An example of specific malicious intent is provided by Archon Fung and Lawrence Lessig of Harvard University in a Conversation contribution: How AI could take over elections – and undermine democracy. They describe how AI systems could work on individuals and groups to slowly bring them around to supporting particular parties or policies through “reinforcement learning”. Reinforcement learning is already used by the advertising industry to help us learn that we need stuff that initially we disregard. Supercharged with the human-like skills of AI, reinforcement learning can be even more effective.

On a completely different level of risk, that can genuinely be classified as an existential threat to humanity, is the possibility that AI systems become cleverer than us and take over. You can watch a podcast hosted by the University of Toronto where Geoffrey Hinton – known as the “godfather of AI” – describes the emergence of AI and its possible development if it is left unchecked.

Hinton clearly distinguishes AI from human intelligence: it has a much better learning algorithm and is much better at spreading its learning. And it’s very different from the controlled logic of traditional computing. Most of his 46-minute session –The Godfather in Conversation: Why Geoffrey Hinton is worried about the future of AI– is about how AI has advanced so quickly, well beyond his and other experts’ predictions. That pace worries him and it’s what led him to leave Google.

He doesn’t want to see the development of AI arrested. It has great potential for human welfare, not only in doing what we have always done more efficiently (improving productivity), but also in doing new things in health care (diagnosis, pharmaceutical development), development of materials, and weather forecasting, to name three areas. But we need to recognize that AI is on a path towards becoming smarter than us, and through global cooperation we must prevent it from taking control.

You can read a similar message in a post on the ABC website Tech world warns risk of extinction from AI should be a global priority like pandemics and nuclear war where Michael Vincent describes the work and concerns of the San Francisco-based Center for AI Safety.


Regulating AI – how the Europeans do it

The EU is taking firm steps toward regulating AI. In a 9-minute session on ABC Breakfast you can hear Bando Benifei of the European Parliament describe the EU’s Artificial Intelligence Act: EU takes major step towards regulating AI. The Act’s purpose is to mitigate risks arising from the use of AI and to guard against violation of people’s rights. He specifically mentions the need to guard against AI reinforcing human prejudices through measures such as emotional recognition (which can be used to manipulate people in schools and workplaces), predictive policing, creation of facial recognition databases, and biometric surveillance. Where AI is used there should be full disclosure, and there should be protection of the intellectual property rights of those who generate material from which AI learns.

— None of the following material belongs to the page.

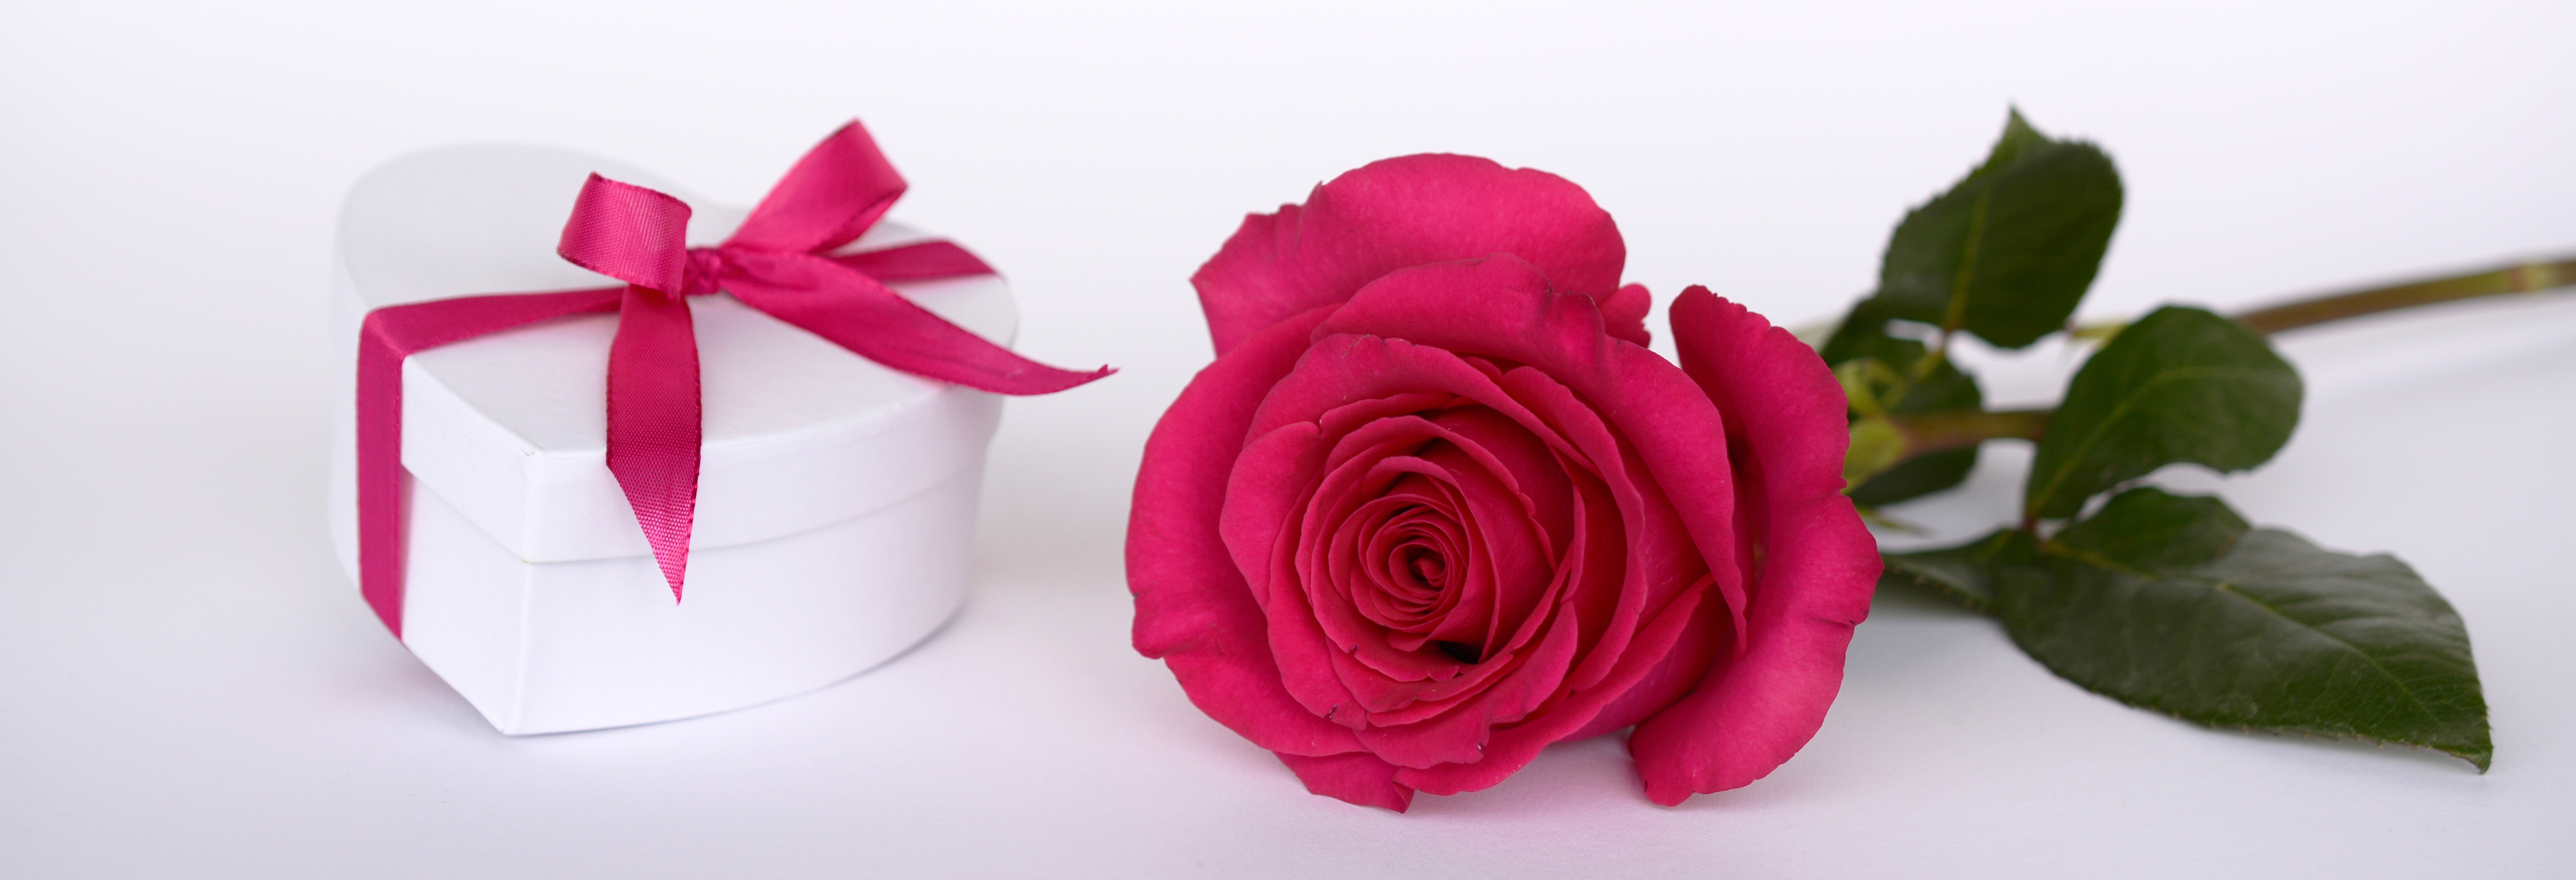 Бесплатное фото Белая коробка в виде сердечка с розовой розой

Australians’ attitude to AI

The Essential Report of June 13 surveyed respondents on their attitudes to AI.

Most people (55 percent) believe there should be a ban on high-risk AI. Older people are particularly concerned about AI risks.

Only 12 percent of respondents believe that “the government should leave it up to the market to ensure that AI is developed ethically”. That doesn’t mean everyone else wants specific regulation of AI: only 48 per cent respond that “the government should create new laws to further regulate the development AI”, while the rest believe that existing laws on privacy should provide adequate protection. Younger people are even more relaxed about AI: only 33 percent of respondents aged 18-34 believe there should be new laws.

Essential also asked which AI applications would have a positive or negative impact. About 60 percent of respondents believe that AI will be positive for “medical development”, and there is some acceptance of facial recognition technology and automated work processes. Driverless cars get only 28 percent support, and respondents are even less enthusiastic about applications such as ChatGPT and the creation of virtual personalities.

It is apparent from these responses that there is a gulf between what experts think about AI and its ramifications, and the way the general public see it.